Gelombang keresahan tengah bergulir di ruang publik Indonesia. Seiring melemahnya perekonomian global dan ketidakpastian politik pasca pemilu, isu pemutusan hubungan kerja (PHK) massal menjadi salah satu kekhawatiran terbesar masyarakat.Â
Tidak mengherankan, jika dalam "17+8 Tuntutan Rakyat" yang belakangan ramai diperbincangkan, ada desakan kuat kepada pemerintah untuk segera mengambil langkah preventif agar pekerja---khususnya buruh kontrak---tidak menjadi korban pertama badai ekonomi.
Lantas, bagaimana sebenarnya kondisi ketenagakerjaan Indonesia saat ini? Apakah ancaman PHK massal benar-benar nyata? Dan solusi apa yang bisa dilakukan pemerintah, pengusaha, maupun pekerja untuk menghadapinya?
Fakta Terkini tentang PHK Massal di Indonesia
Data Kementerian Ketenagakerjaan menunjukkan, sepanjang 2023--2024 terdapat lebih dari 150 ribu pekerja di sektor padat karya (terutama tekstil, garmen, dan alas kaki) yang kehilangan pekerjaan akibat melemahnya permintaan ekspor. Kondisi ini diperparah oleh perlambatan ekonomi Tiongkok dan Amerika Serikat yang merupakan mitra dagang utama Indonesia.

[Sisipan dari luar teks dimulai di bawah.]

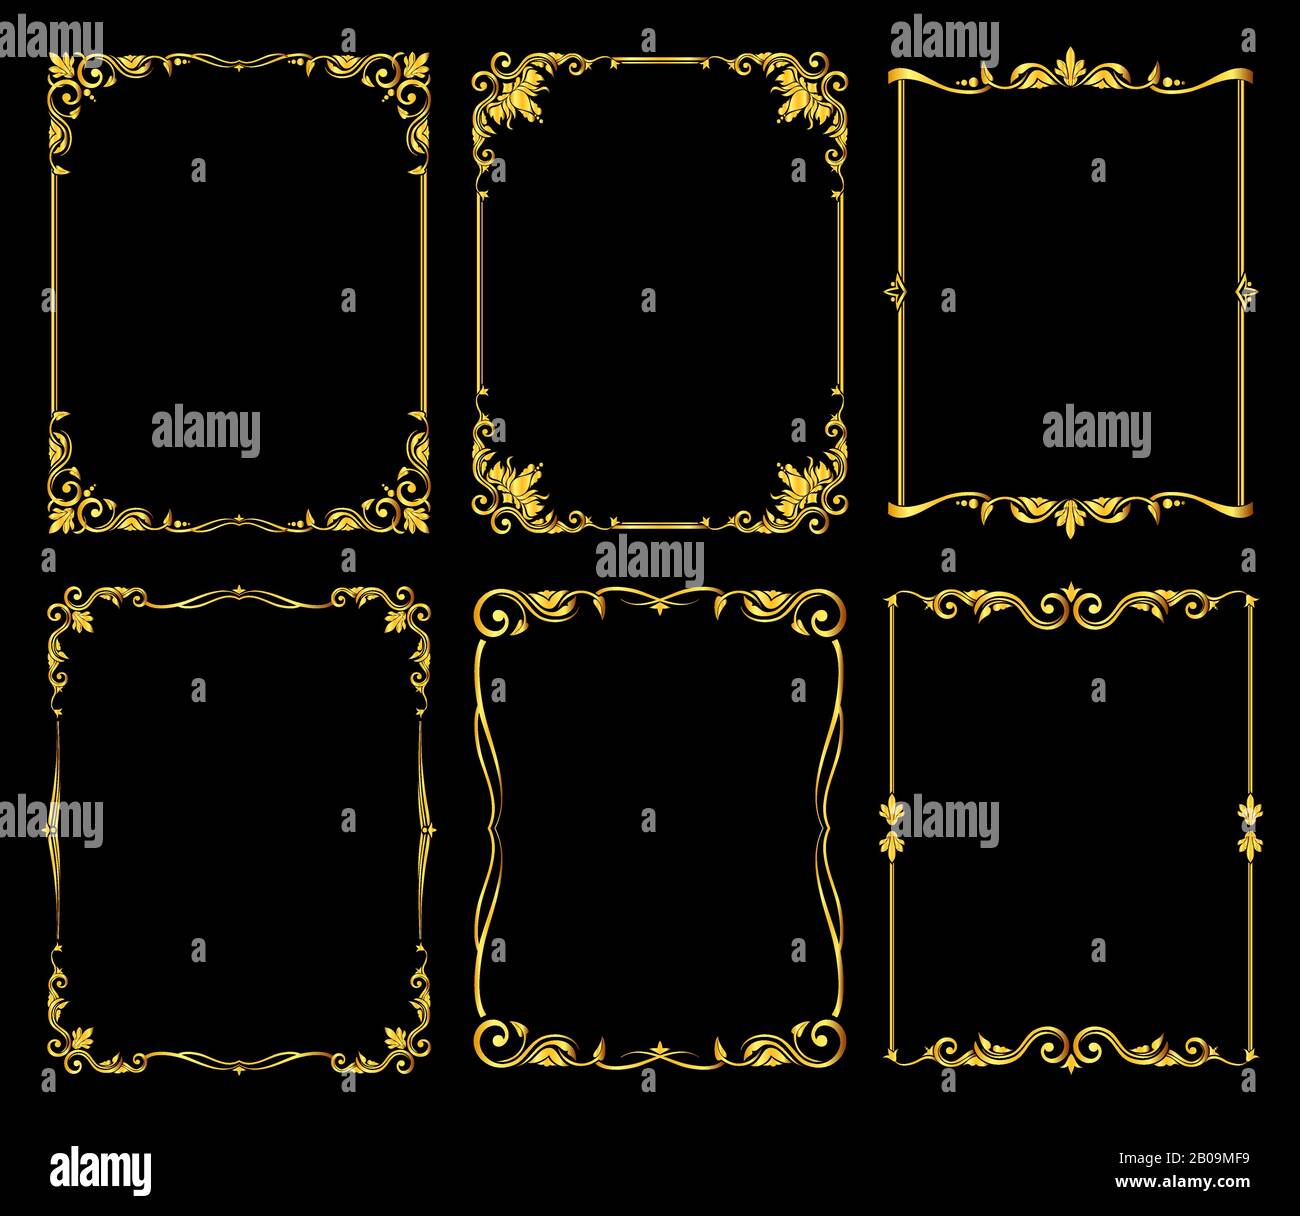 Ornate golden vector frames set over black background. Decoration frame design illustration Stock Vector

Laporan Badan Pusat Statistik (BPS) Februari 2025 mencatat tingkat pengangguran terbuka berada di angka 5,2% atau sekitar 7,8 juta orang. Angka ini memang menurun dibanding masa pandemi, tetapi ancaman PHK di sektor manufaktur, transportasi, hingga digital economy membuat tren pengangguran bisa kembali naik jika tidak ada kebijakan yang cepat dan tepat.
Mayoritas pekerja Indonesia juga masih didominasi oleh pekerja kontrak dan informal. Data Sakernas 2024 mencatat bahwa 56% tenaga kerja berada di sektor informal tanpa jaminan kerja yang memadai. Artinya, kelompok ini adalah pihak paling rentan terhadap PHK massal.
Mengapa PHK Massal Harus Dicegah?
PHK bukan hanya persoalan individu, melainkan juga dampak sistemik yang berpengaruh ke ekonomi dan stabilitas sosial.
Meningkatkan angka kemiskinan
Setiap 1% kenaikan pengangguran dapat mendorong setidaknya 200 ribu orang jatuh ke bawah garis kemiskinan (Bappenas, 2024).
Menekan daya beli masyarakat
 PHK massal akan mengurangi konsumsi rumah tangga, padahal sektor ini menyumbang lebih dari 54% PDB Indonesia (BPS, 2024).
Memicu keresahan sosial
 Sejarah mencatat, gelombang PHK massal pada 1998 menjadi salah satu faktor yang memperparah krisis sosial-politik kala itu.